- **What you are asked to do**:
Reproduce the listing below from the line with "Global Healthcare Case Study" to the line with "Train logo. Railway logo design. vector", both lines included, character for character, minus any pictures.

- **Data provided**:
┏━━
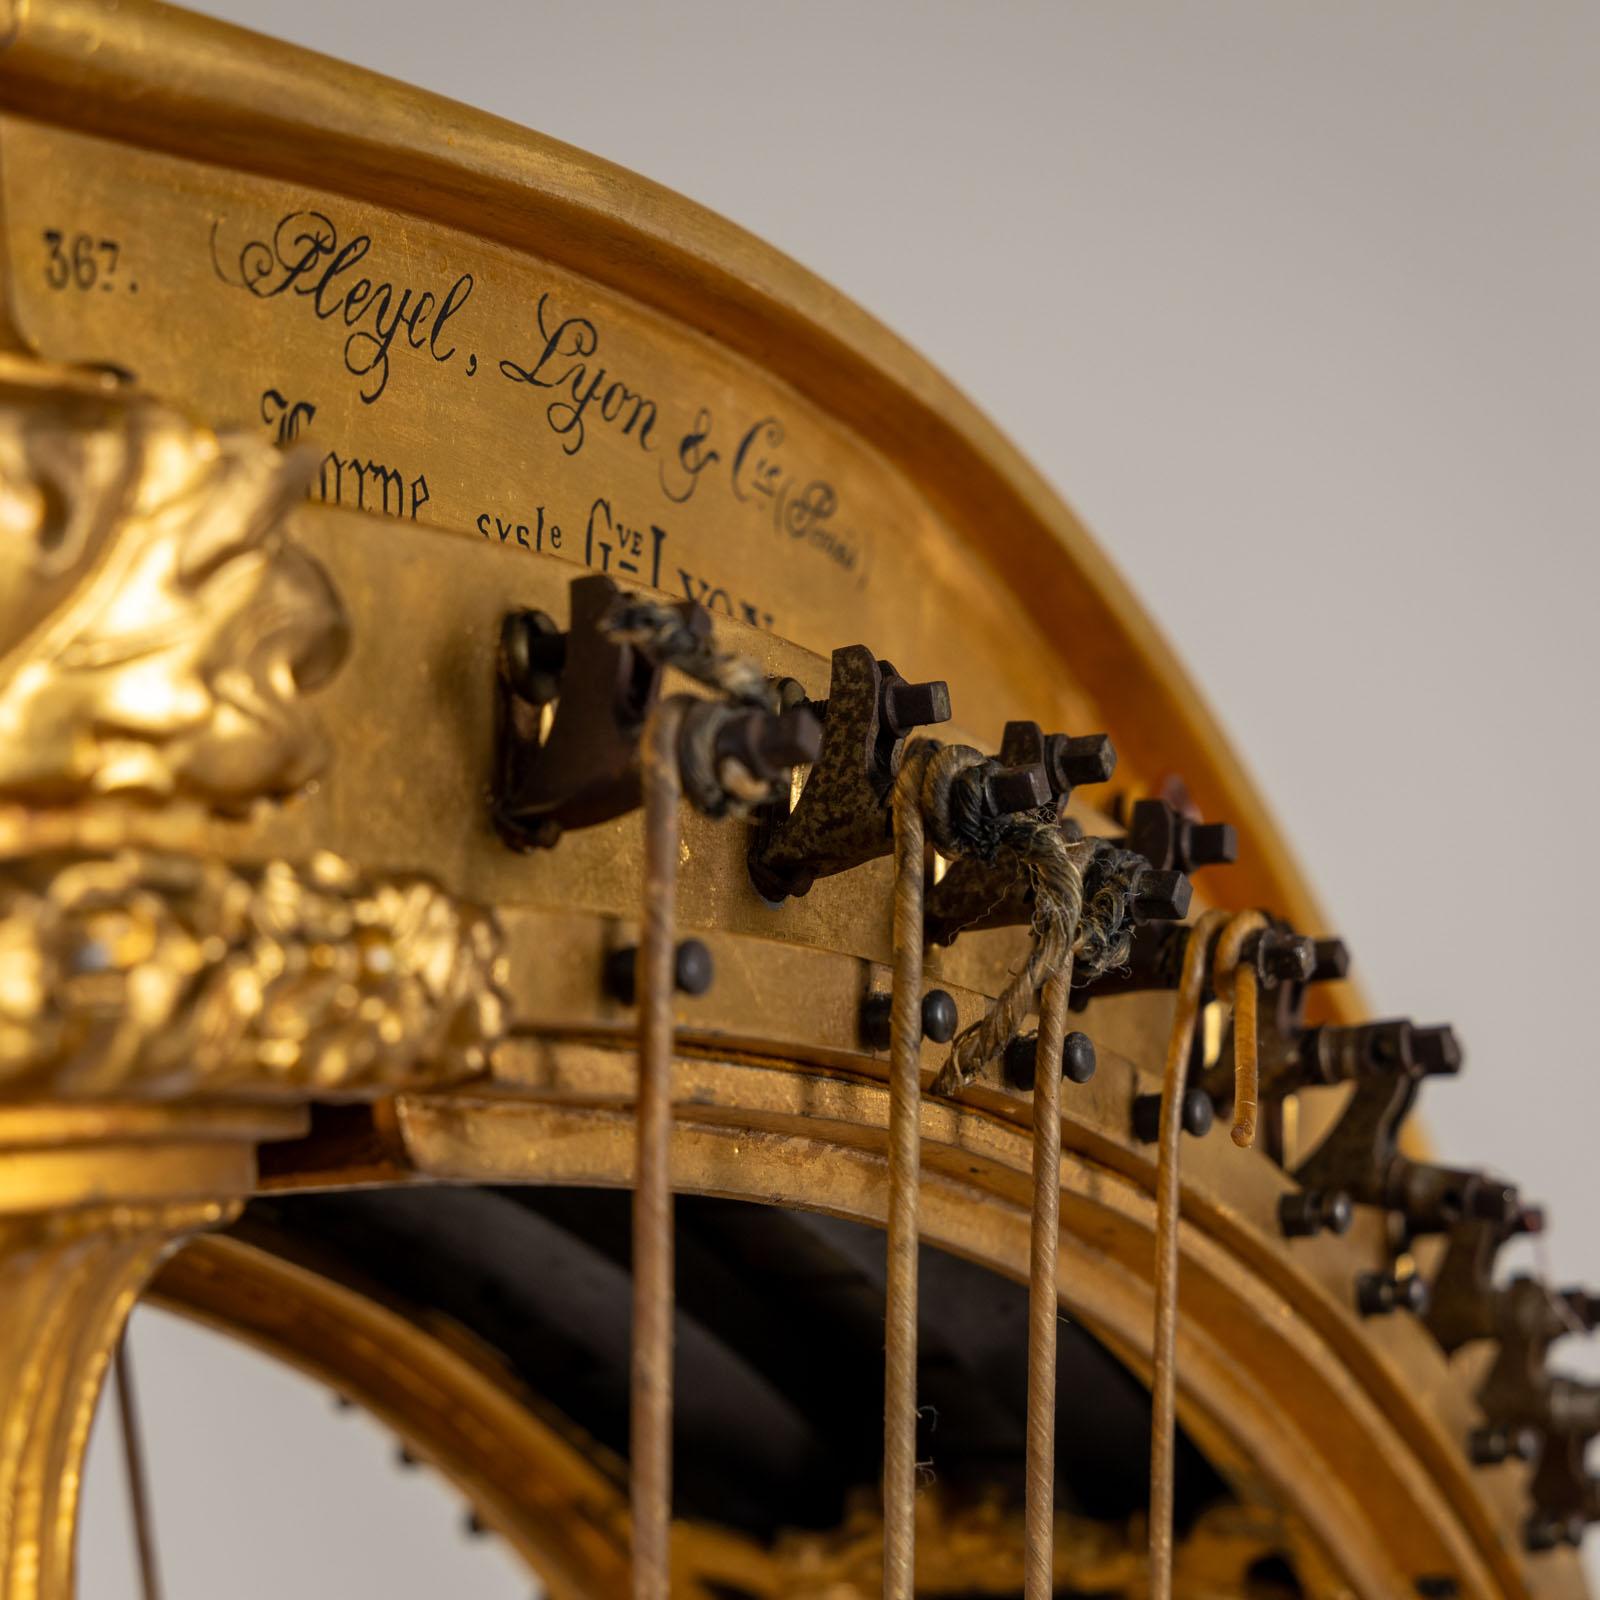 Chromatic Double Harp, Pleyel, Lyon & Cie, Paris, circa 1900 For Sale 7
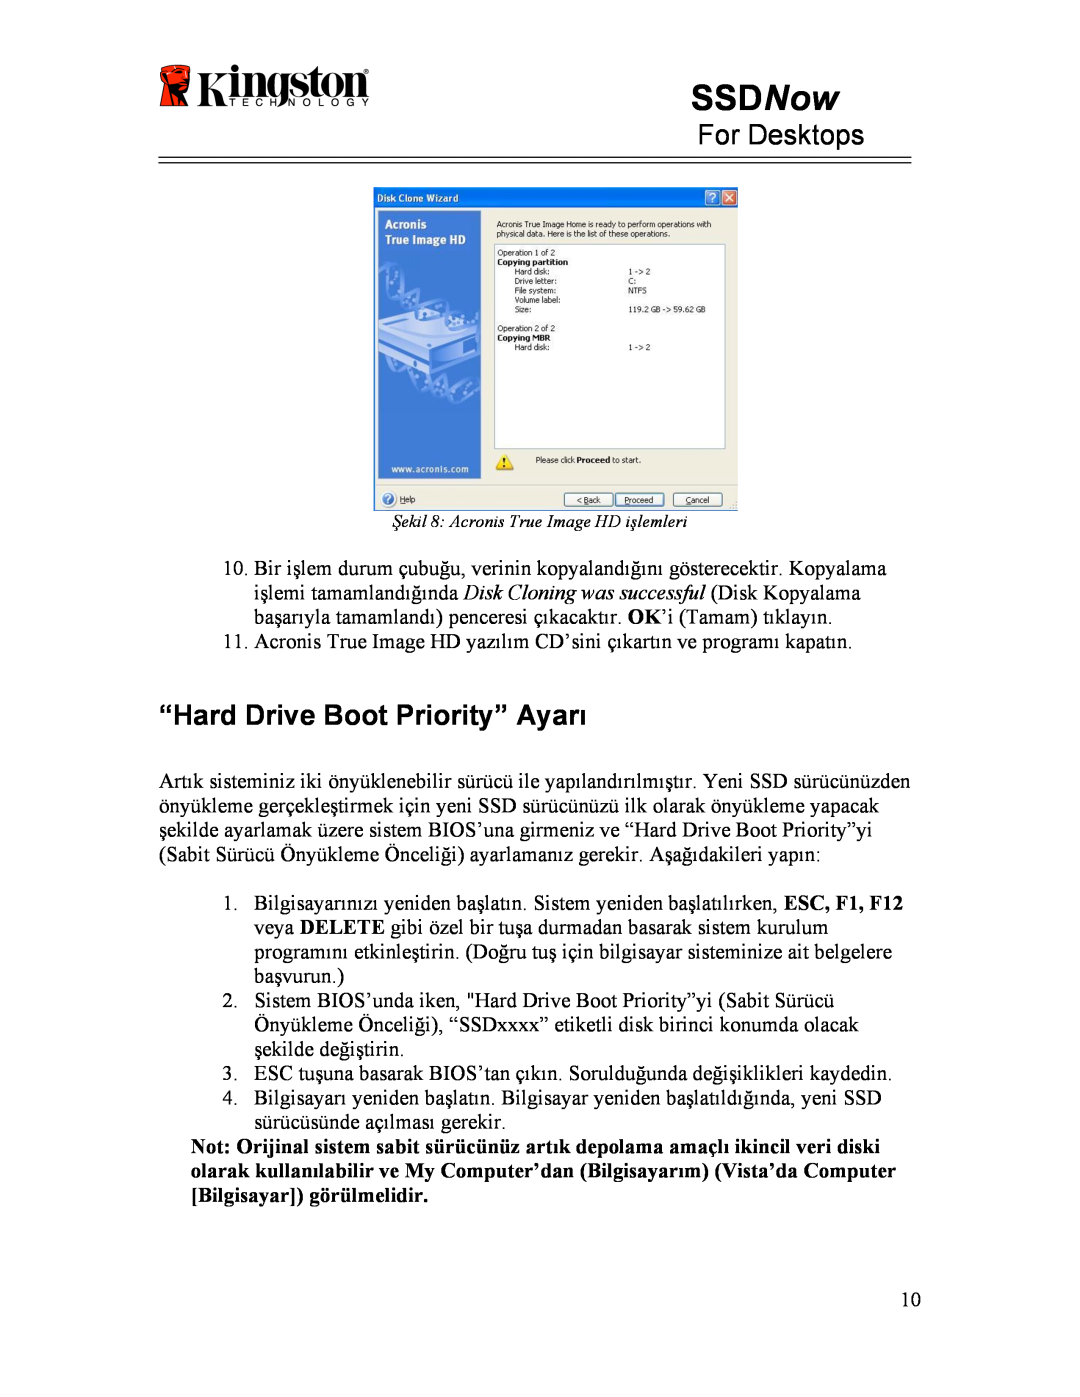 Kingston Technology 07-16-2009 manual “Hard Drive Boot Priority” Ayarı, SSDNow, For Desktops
┗━━
┏━━
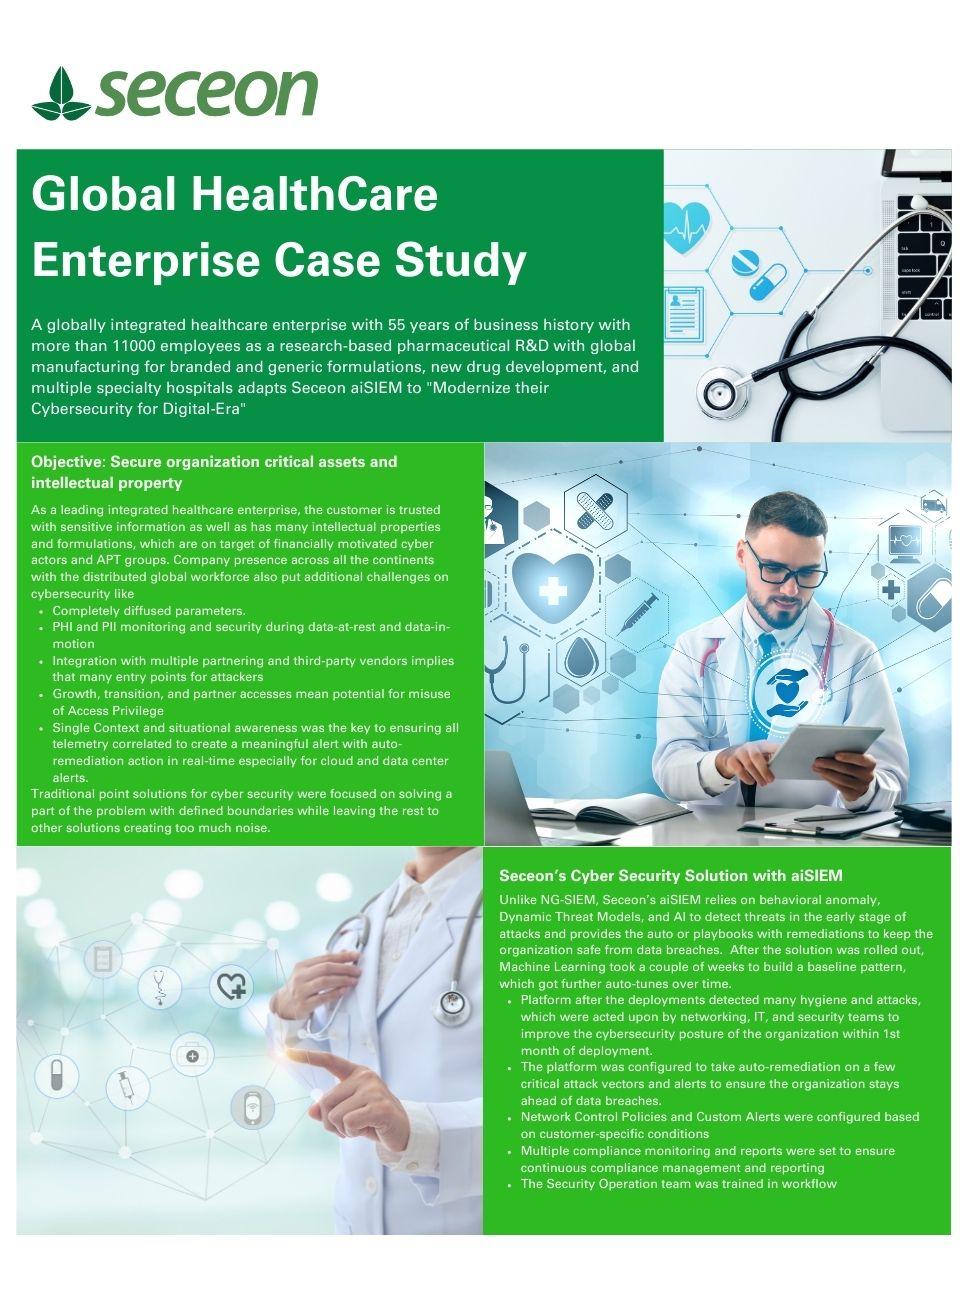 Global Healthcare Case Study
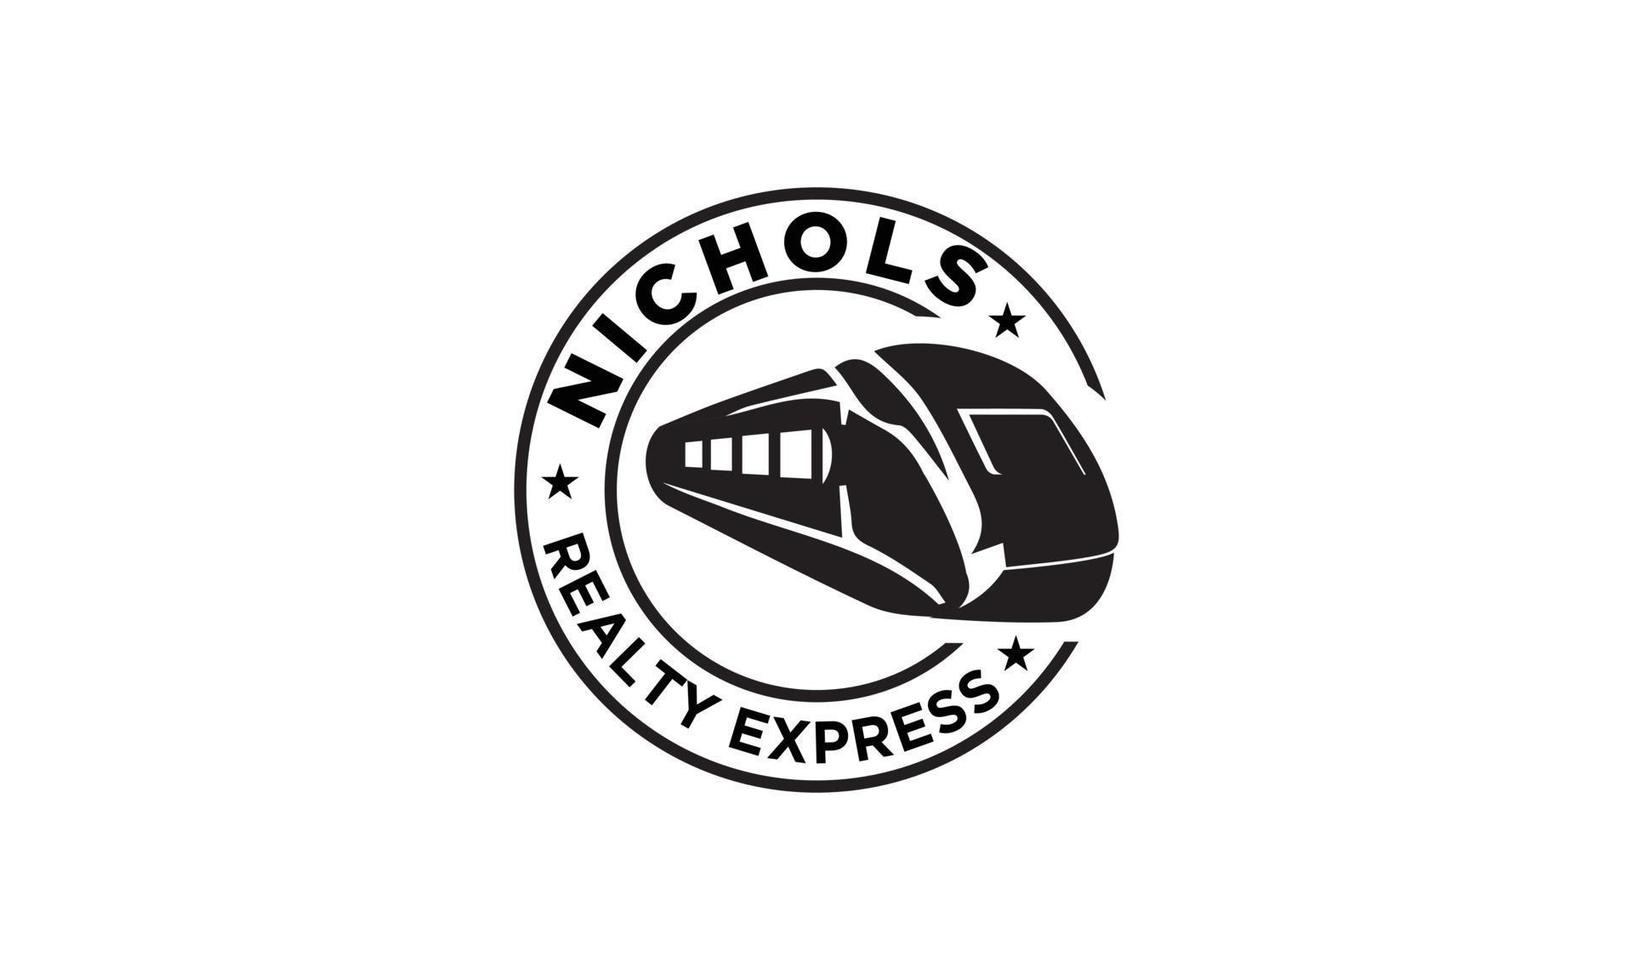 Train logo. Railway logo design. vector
┗━━
- **Exercise output**:
 Global Healthcare Case Study
 Train logo. Railway logo design. vector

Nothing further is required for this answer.